Kinship, Patriarchy, Poetry, Queer, Turing

Abstract

This dissertation explores queer kinship and masculinity in an extended poetic sequence. The speakers of these poems attempt to understand the ways that family shapes our sense of gendered identity, particularly how masculinity is constructed and perpetuated through a history of gendered violence in western culture. Investigating the shame of failed masculinity and unsanctioned identity through a range of aesthetic positions, these poems interrogate the tradition of English language poetry as a space where masculinity is both blurred and reinscribed.

In three sections, the collection considers the relationship between paternity and patriarchy, and how queer identity offers alternative aesthetic positions to those structures and histories.

The first section explores these themes through a specific narrative lens: the British government’s persecution of Alan Turing, forcing him to undergo chemical castration for the crime of homosexuality. Many of the poems in False Spring seek alternate ways of tracing legacy that could uncover new aesthetic modes to describe masculinity.

There is no one form prized here, though many forms are explored, from lyric-narrative poetry to the verse play. Masculinity is perceived as a privileged position in our culture—granted such privilege by patriarchal hierarchies that value certain presentations of maleness—yet masculinity, like femininity, exists in various forms. The second section, encounters a more contemporary speaker who struggles with daddy issues, both familial and sexual. These take the form of a crown of experimental sonnets, thinking primarily about the pivot of the volta as a forced mechanism for logical conclusion and structure.

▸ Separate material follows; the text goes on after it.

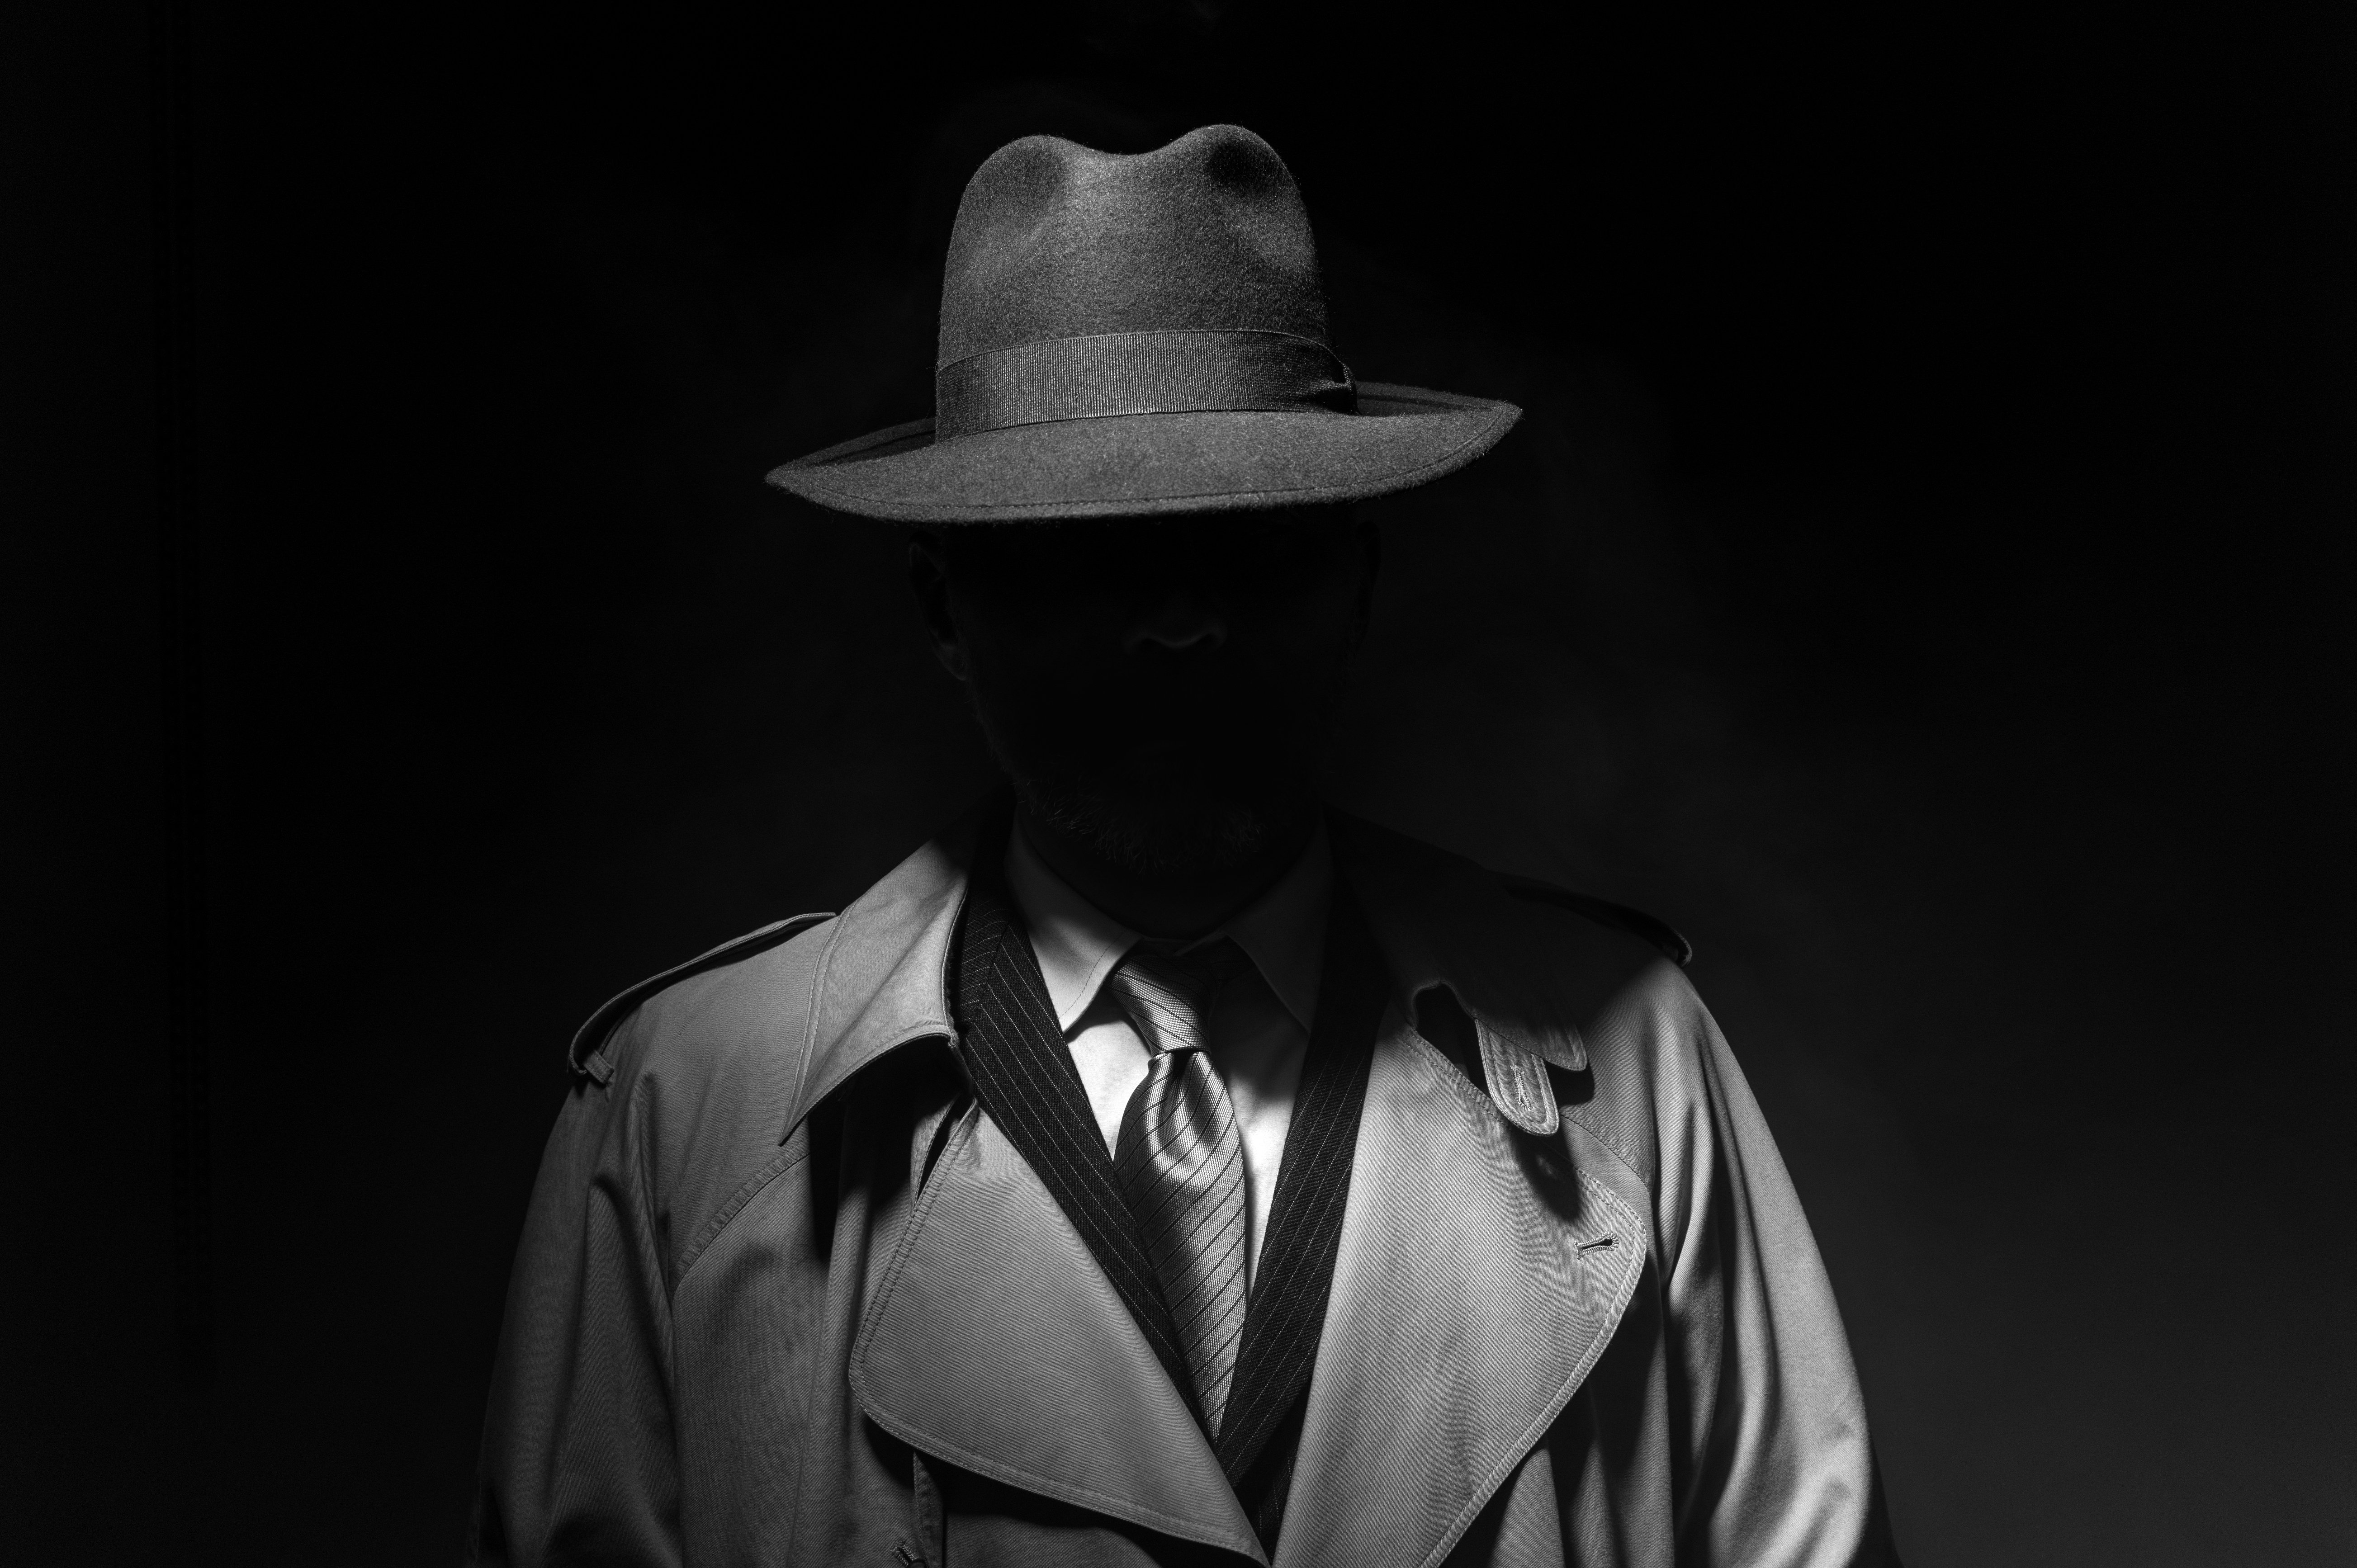 Ein Detektiv steht im Schatten. | Quelle: Shutterstock

The final section interrogates whether masculinity as a poetic subject can evolve through openly political and queer poems. There is a power both in the reclamation of lost forms (such as the closet drama) and in words (as “queer” itself illustrates). The range of poetic possibilities explored here reflects the spectrum of identity and positionality that queerness offers.

Ultimately, this collection, as queer poetic experiment, is an argument about the nature of social processes and our particular inherited present. These poems seek a narrative understanding of the self somewhere beyond identity construction.